> Problem details
Please repeat the whole listing exactly, but leave out any picture it holds.

> Provided data

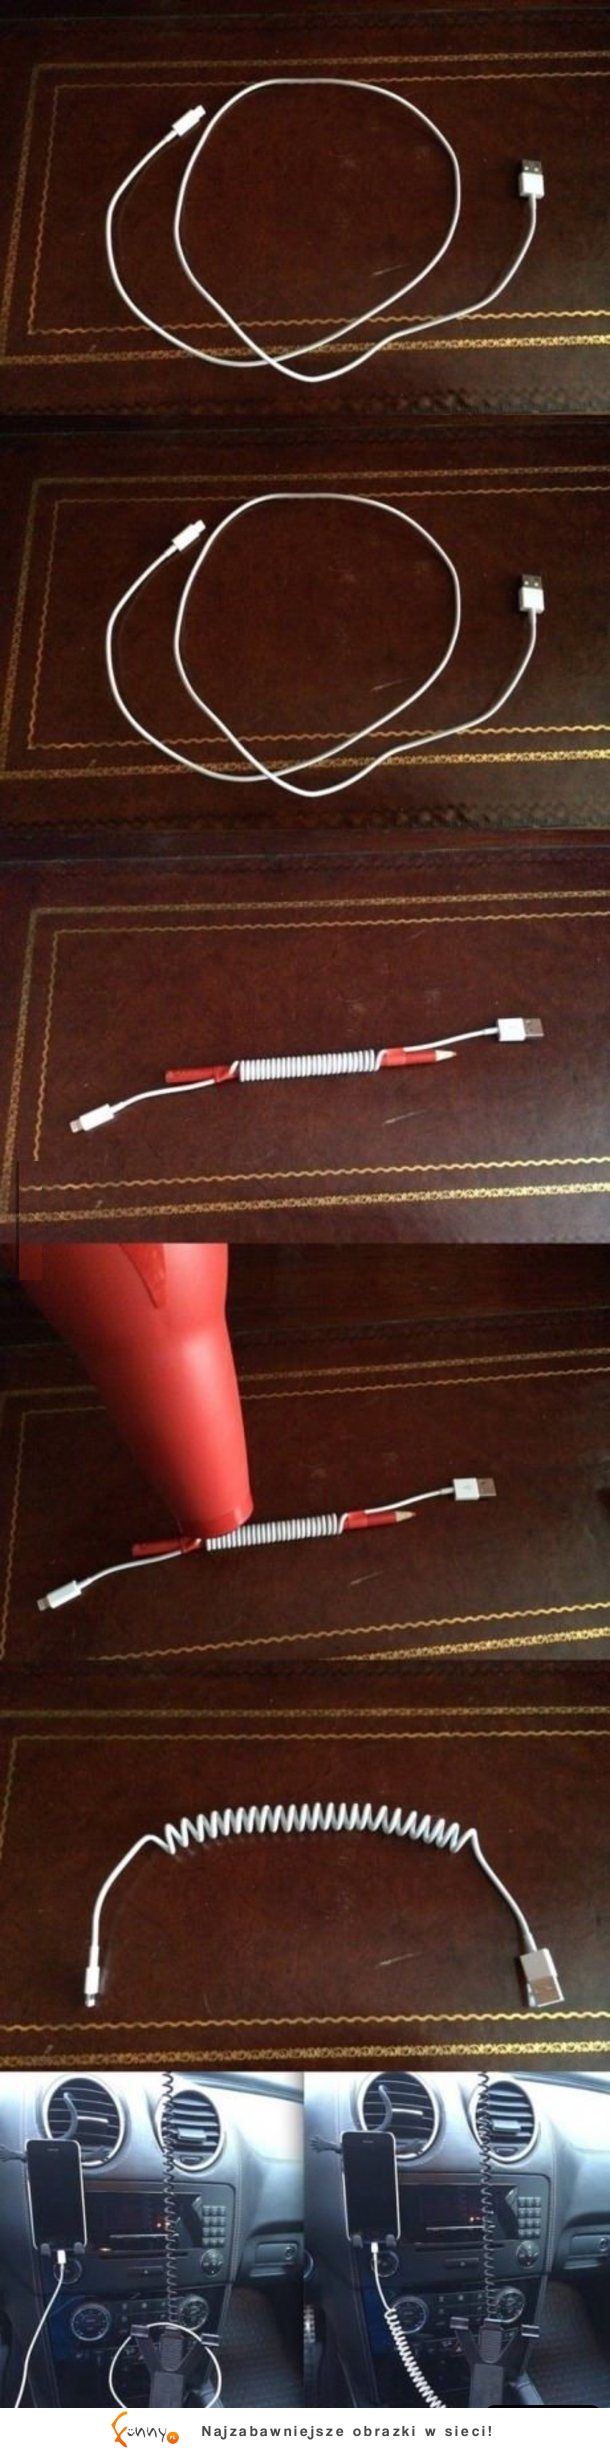 Magiczny sposób na kabel od ładowarki! :D
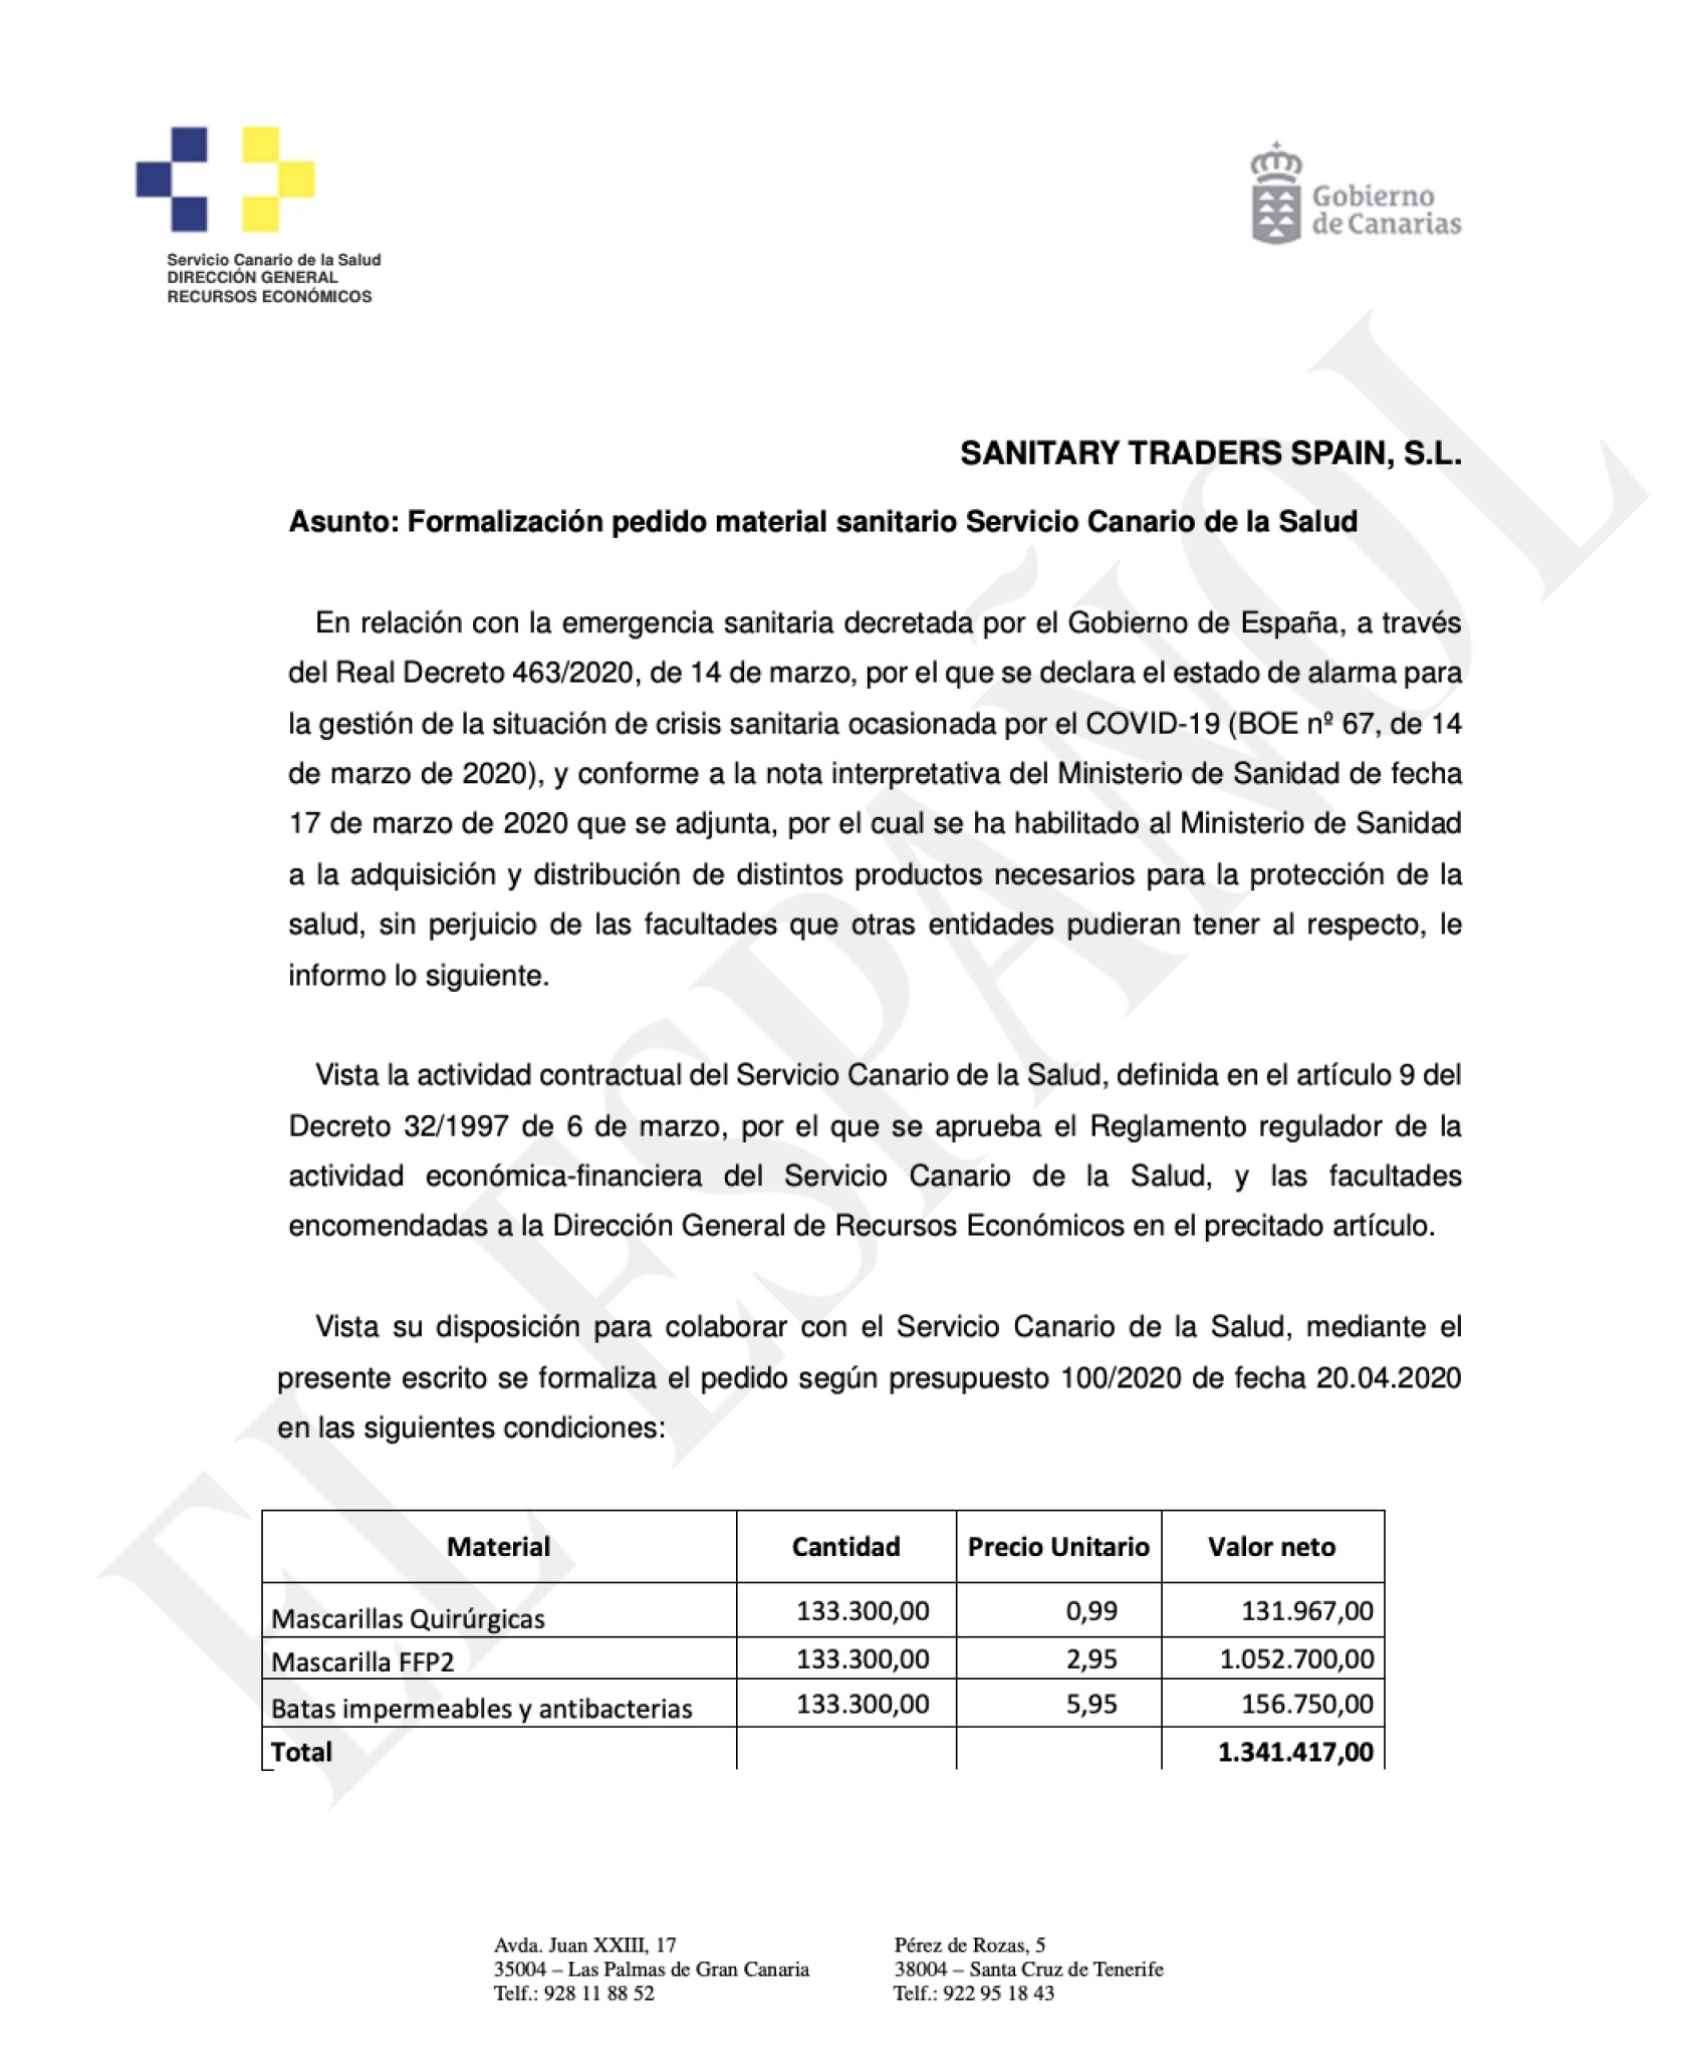 Documento del Gobierno de Canarias para la formalización del pedido realizado por el Servicio Canario de Salud a Central de Sanitary Traders Spain SL.
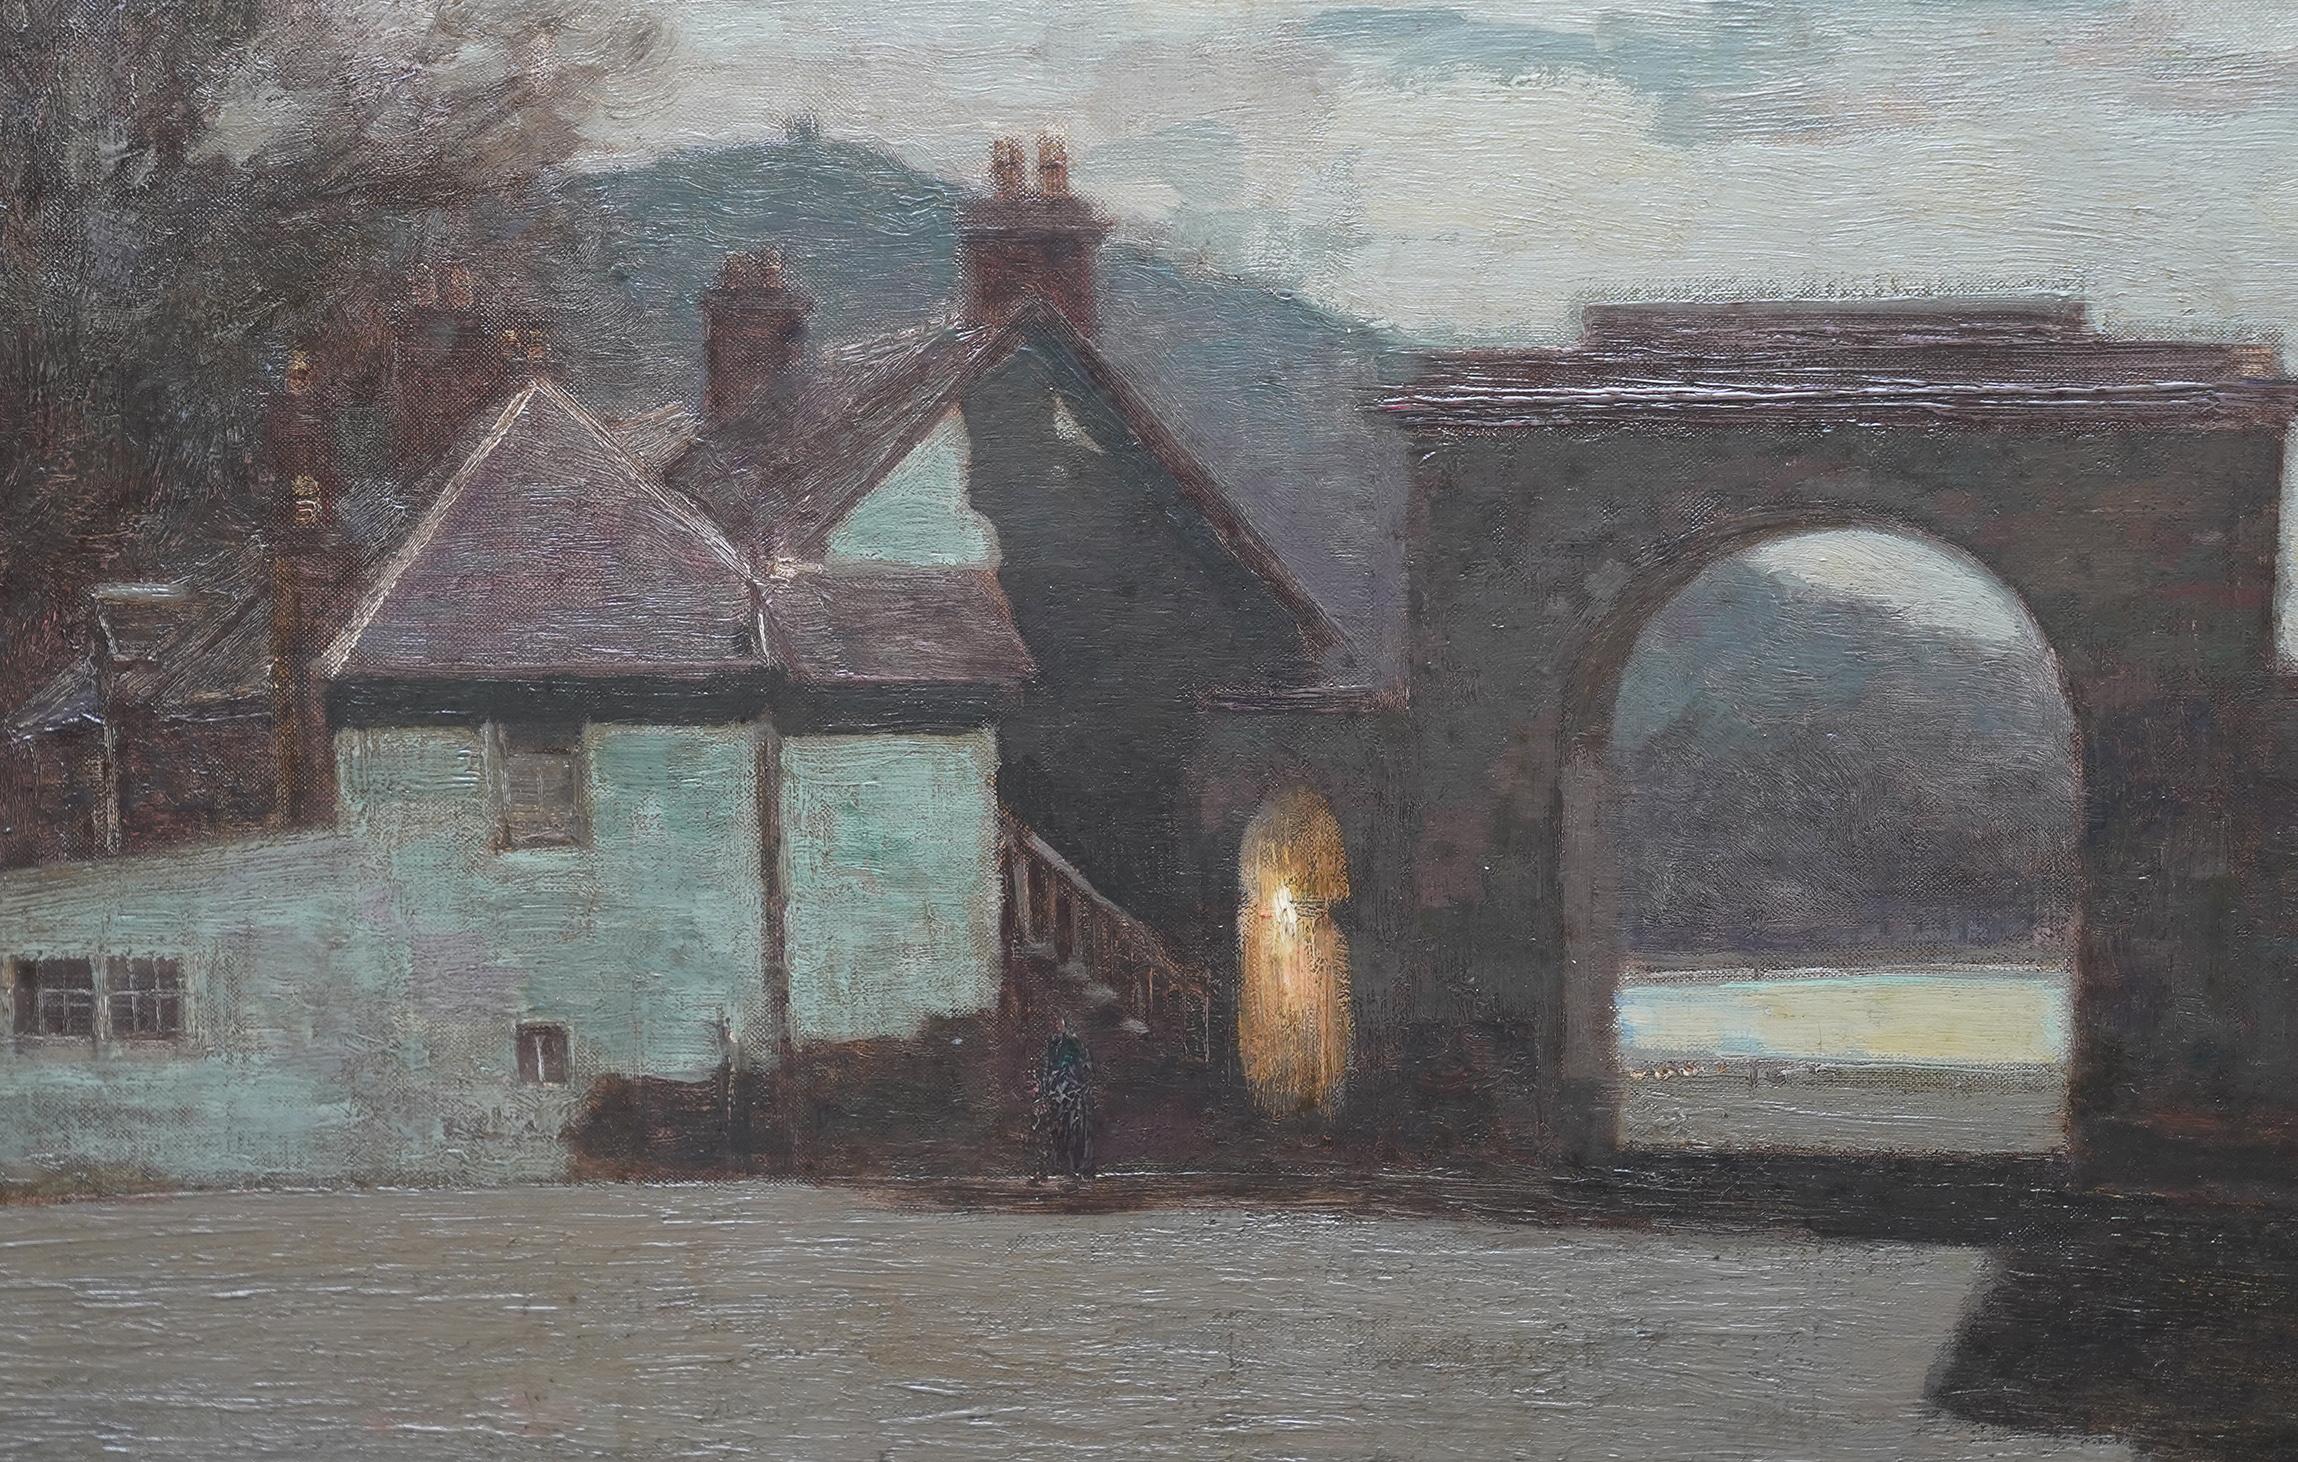 Une grande peinture à l'huile originale sur toile de George Houston RSA. Elle représente le Loch Fyne Argyll en Ecosse le soir. Peinte dans un style impressionniste vers 1920, elle constitue un très bon exemple de son travail à cette époque et de la

> Answer area
 Magiczny sposób na kabel od ładowarki! :D
 Documento del Gobierno de Canarias para la formalización del pedido realizado por el Servicio Canario de Salud a Central de Sanitary Traders Spain SL.
 Une grande peinture à l'huile originale sur toile de George Houston RSA. Elle représente le Loch Fyne Argyll en Ecosse le soir. Peinte dans un style impressionniste vers 1920, elle constitue un très bon exemple de son travail à cette époque et de la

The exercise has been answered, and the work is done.